Still, I can not stand for the spamming situation. The first two things I do is install the reCAPTCHA MediaWiki Extension, so people need to pass CAPTCHA when they try to register an account. Also, I enabled $wgEmailConfirmToEdit which means only allow the account with email confirmed editing the pages. These two approach would be good enough to stop the new spammers. However, the real problem is the spam articles already in the database.

In order to clean up the database, I check several extensions like Nuke. However, I found they are not convenient for clean up thousands of spam articles. I decided to use APIs. The good thing is there are two scripts in the mediawiki/maintenance folder, cleanupSpam.php and removeUnusedAccounts.php.The cleanupSpam seems fit my requirements, it takes url as argument, and find out all the article which contains the url and remove it.

However, I don’t want to check the articles one by one for looking the urls. Since most of the spammers on the wiki.debian.org.tw are from China, most of them use the email address at 163.com. The most easy way for me, is just clean up all the accounts from 163.com and all of the articles posted by these accounts. And of course I can not just delete these articles. Because the spammer can modify any articles they want. In this case, I might remove some important articles by modified by spammers.

So, I need to have a script, the purpose of the script is find out the accounts with special email or nickname. And find out all of the articles modified by the account. For the article, if

  • If the account is not the latest editor, then we ignore the article. Because someone might already fix the content manually.
  • If the account is the latest editor and the article is created by the account, and it has signal version. Then we simply delete it.
  • If the account is the latest editor and there are earlier version, we found the last version which edited by a valid account. And we restore the article to that version. So we could have the right content for the article, before the spammer put the links into it.

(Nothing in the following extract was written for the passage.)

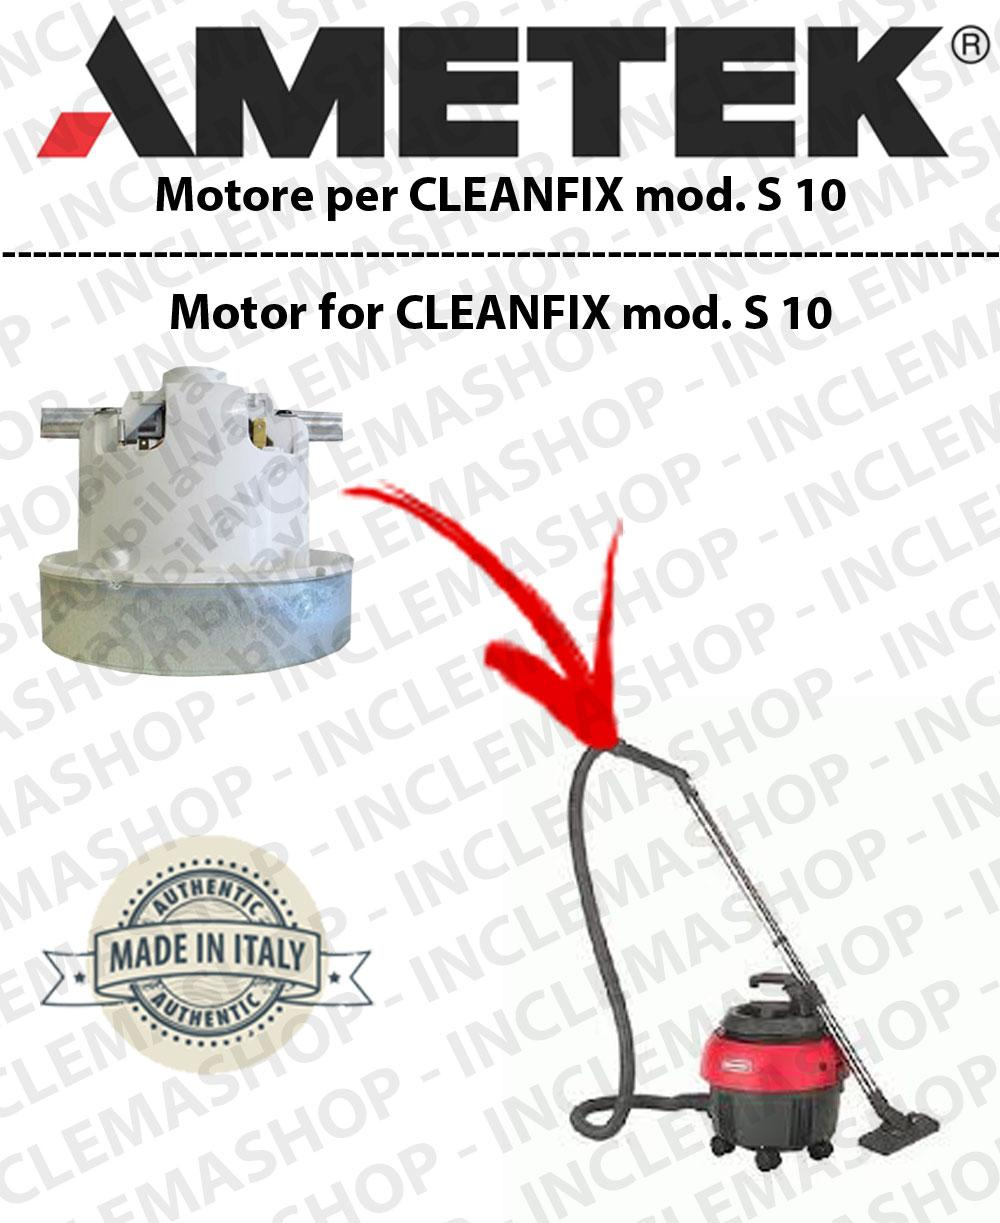 S 10 Saugmotor AMETEK für Staubsauger CLEANFIX

I created another script based on the maintenance samples, thanks for these developers. With the script, I deleted hundreds of accounts and more then 2 thousands articles in a few hours. If you are interested about the script, you can download it from here. Put it in your mediawiki/maintenance folder. The usage is very simple

USAGE: php removeSpamAccountsAndPost.php [--delete] email

It takes only one parameter, you can find the articles by nickname or email. My database is mysql, so you can use ‘%’ as pattern matching for LIKE statement.

php removeSpamAccountsAndPost.php chihchun
php removeSpamAccountsAndPost.php chihchun%

The script only give you a list for preview by default, if you are sure that these accounts and articles should be deleted. Please add `–delete’ for let the script REAL DELETING THE ACCOUNT AND ARTICLES for you.

php removeSpamAccountsAndPost.php --delete chihchun